# Day fishing with my Son



## mpfsr (Jun 22, 2011)

Finaly got the boat home and didn't waste anytime getting my son to go out with me. We only had 4 hours out due to reaching our limit so quickly 
60 Yellow Perch gonna make a nice fish fry!!


----------



## funlad3 (Oct 9, 2010)

Nice! Perch are fun fish to catch.


----------



## grogan (Jan 23, 2011)

Nice catch!


----------



## Cory1990 (Jun 14, 2012)

Good job! Father son moments mean so much once they are older. Keep up the good work!


----------



## lohachata (Jan 27, 2006)

i haven't been fishing in many years since they stopped renting boats on lake erie..i know a couple of great spots for walleye and smallmouth...and then a few years ago i had about $7000 worth of fishing tackle stolen from me ; so i just decided to give up that hobby..

beautiful catch mike...


----------



## Cory1990 (Jun 14, 2012)

That's horrible John! I had. 300$ st croix rod stolen from me before and almost quit fishing. Iv got so much tackle though I can't quit. Every time I go to the Milwaukee river to fish I take my catfish pole with 80lb line on it and cast to a log I know is a hell spot for fishermen because a lot of people snag on it. I just pull it up and snag other people's stuff off of it lol.

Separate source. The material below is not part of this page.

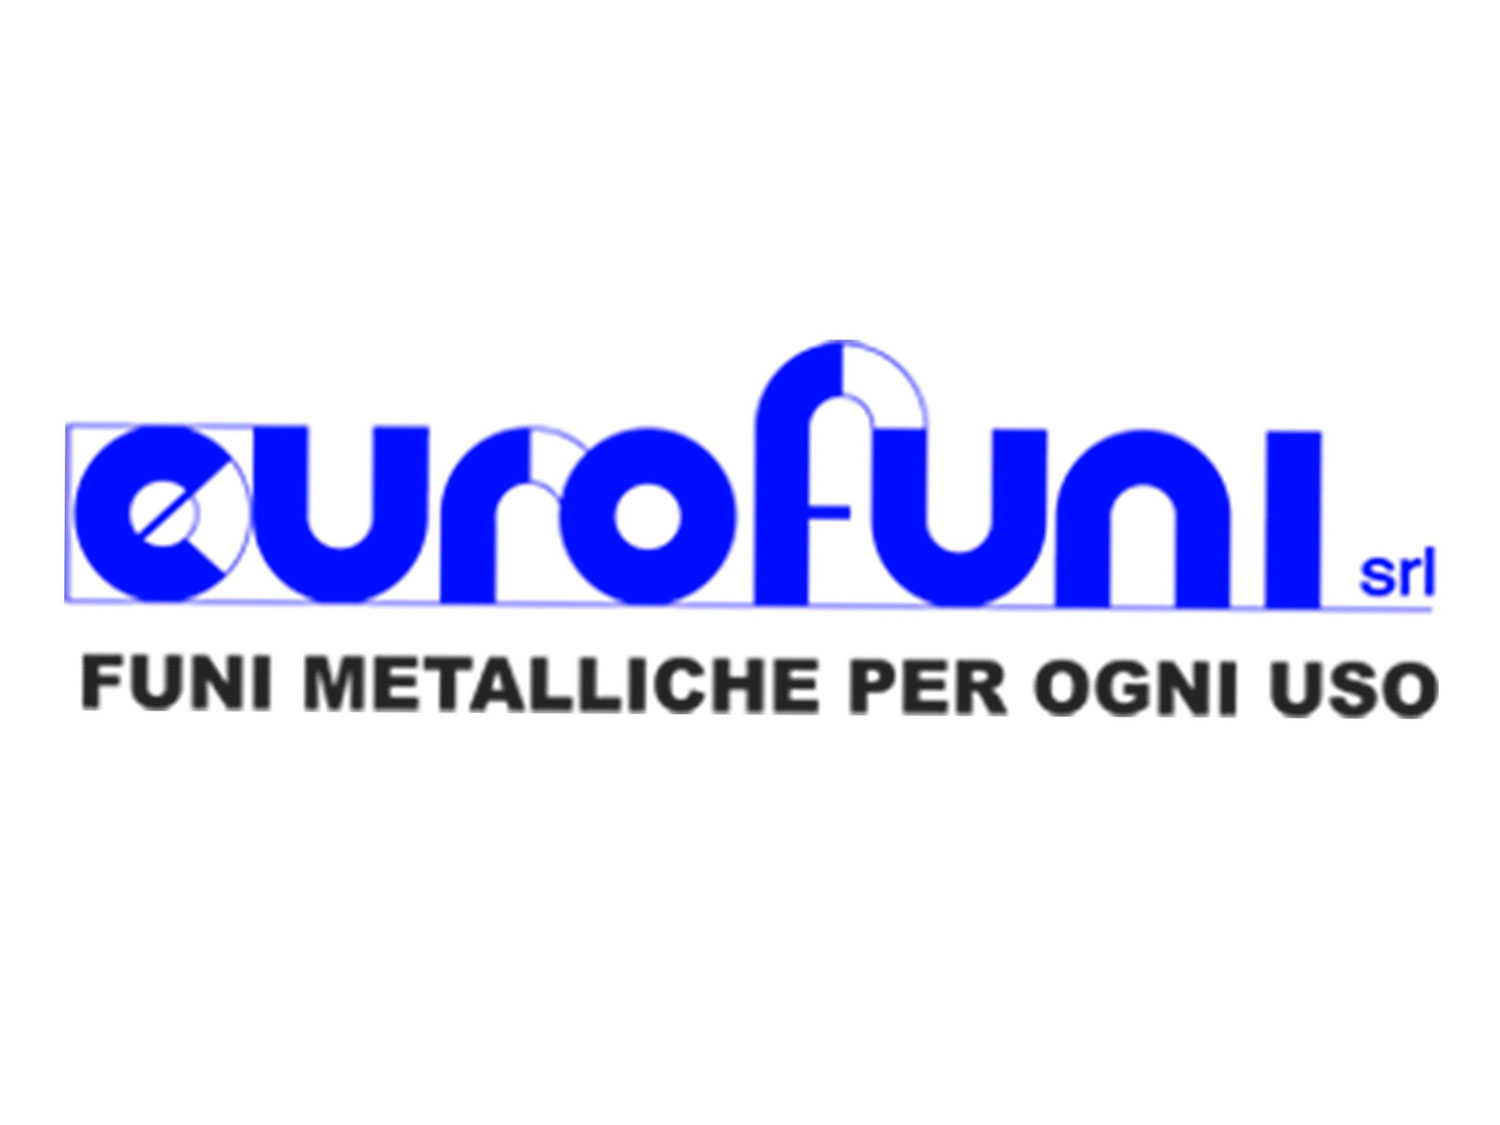 Eurofuni

Maybe next time I'm in Ohio we can meet up and you are more then welcome to use my gear. I'll be in Ohio within the next 6 months again to drop off some woodwork iv done. I'm guessing it's going to be a while though because of the project I'm doing for a lady is taking me a while a coustem grandfather clock. It will be a nice payday for me once it's done though.


----------



## Obsidian (May 20, 2007)

Nice catch, but man cleaning that is going to suck!


----------